Preferred carburization gases are hydrocarbons, including but not limited to acetylene (C2H2), ethylene (C2H4), propane (C3H8), and methane (CH4). The carburization gas may be introduced into the furnace using various techniques. For example, a continuously flowing technique may be used, or a pulsed “boost-diffuse” technique, or a single pulse or injection. Continuous flow of the carburization gas ensures sustained carbon presence at the substrate surface, and has been shown to be successful in investigations leading up to this invention. Alternate gas flow methods may also be acceptable as long as they supply adequate carburization gas to present an effective carbon level at the substrate surface that will ensure carburization of the substrate without depletion of carbon at the substrate surface.
Once the blade 10 reaches the carburization temperature (e.g., about 1850° F. to about 2100° F., as noted above), the hydrocarbon gas is injected into the furnace to make carbon atoms available at the substrate surface. Carbon then deposits on the surface and carbon atoms diffuse below the surface and combine with refractory metal elements in the substrate, with the result that a metallic carbide layer forms below the surface of the blade 10. At the completion of the carburization process, the carburization gas is evacuated from the furnace, a quench gas such as an inert gas (e.g., argon or helium) is preferably injected into the furnace to rapidly cool the blade 10 below a temperature at which carbides will not form in the substrate. While this temperature may depend on the particular carburization gas and substrate material, investigations leading to this invention suggest that a threshold temperature of about 1800° F. (about 980° C.) is a reasonable lower limit for carbide formation in nickel-based superalloys. At the completion of the carburization treatment, the blade 10 is removed from the carburization furnace, after which the blade 10 can undergo any desired or necessary heat treatment and machining, followed by deposition of the desired environmental coating and optional a thermal barrier coating, and then any desired or necessary post-coating heat treatments.
Preliminary investigations using undiluted hydrocarbon gases, including acetylene and propane, were performed in vacuum furnaces on substrate specimens formed of N6 and MX4. However, all such investigations using an undiluted (100% by volume) hydrocarbon gas resulted in excessive carburization to the extent that the process time could not be reliably used to achieve a carbide layer of desired thickness with good repeatability. Furthermore, specimens carburized using an undiluted hydrocarbon gas underwent substantial growth in the thickness of the carbide layer during subsequent elevated temperature exposures, including diffusion coating and heat treatments performed on the specimens.
In response, additional investigations were undertaken to limit the depth of carbide layer formation by drastically reducing the activity of the carburization gas. In particular, hydrocarbon gases such as acetylene, ethylene, propane, and methane were diluted with an inert gas or hydrogen.
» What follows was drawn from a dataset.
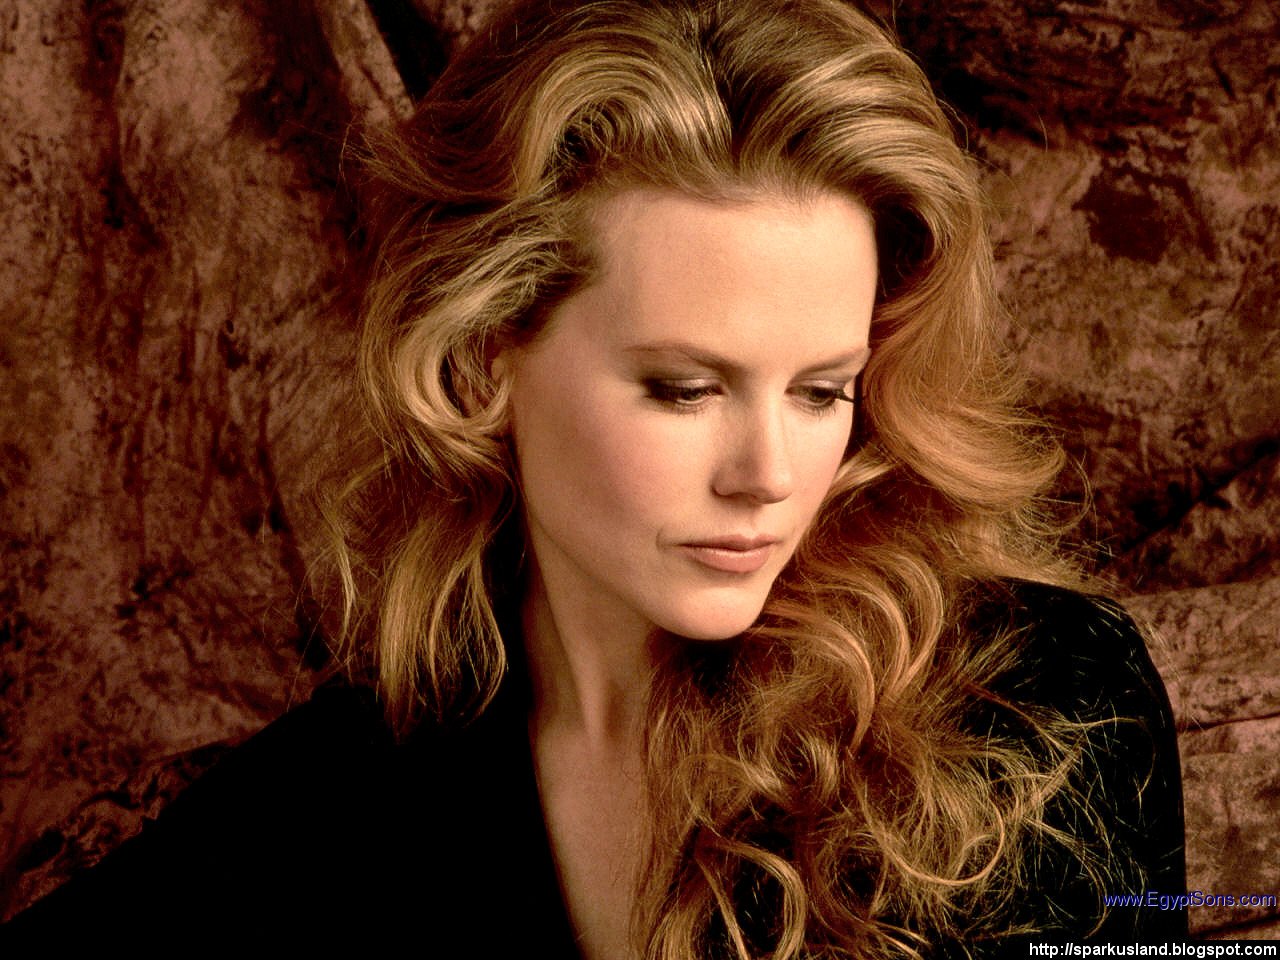 Nicole Kidman in  Eyes Wide Shut

From the results plotted in
From the investigations reported above, it was concluded that the carburization temperature and duration are interrelated and that, as a result of using a sufficiently diluted, low-activity carburization gas in accordance with this invention, both temperature and duration can be adjusted to control the depth of a carbide layer. Carburization temperature will be a function of the desired carbide layer depth and the carburizing source. Previous research had indicated the requirement for a carburization temperature about 2000° F. (about 1095° C.) and above 1900° F. (about 1035° C.) if undiluted methane or undiluted acetylene, respectfully, is used as the carburization gas. In investigations subsequent to those reported above, a carburization temperature of about 1975° F. (about 1080° C.) was successfully evaluated when using diluted acetylene as the carburization gas. For preferred low activity carburization gases such as diluted acetylene, the preferred range for the carburization temperature is believed to be about 1900° F. to about 2000° F. (about 1035° C. to about 1095° C.). It is worth noting at this point that conventional carburization temperatures used with steels are not high enough to produce carbide layers in nickel-based superalloys.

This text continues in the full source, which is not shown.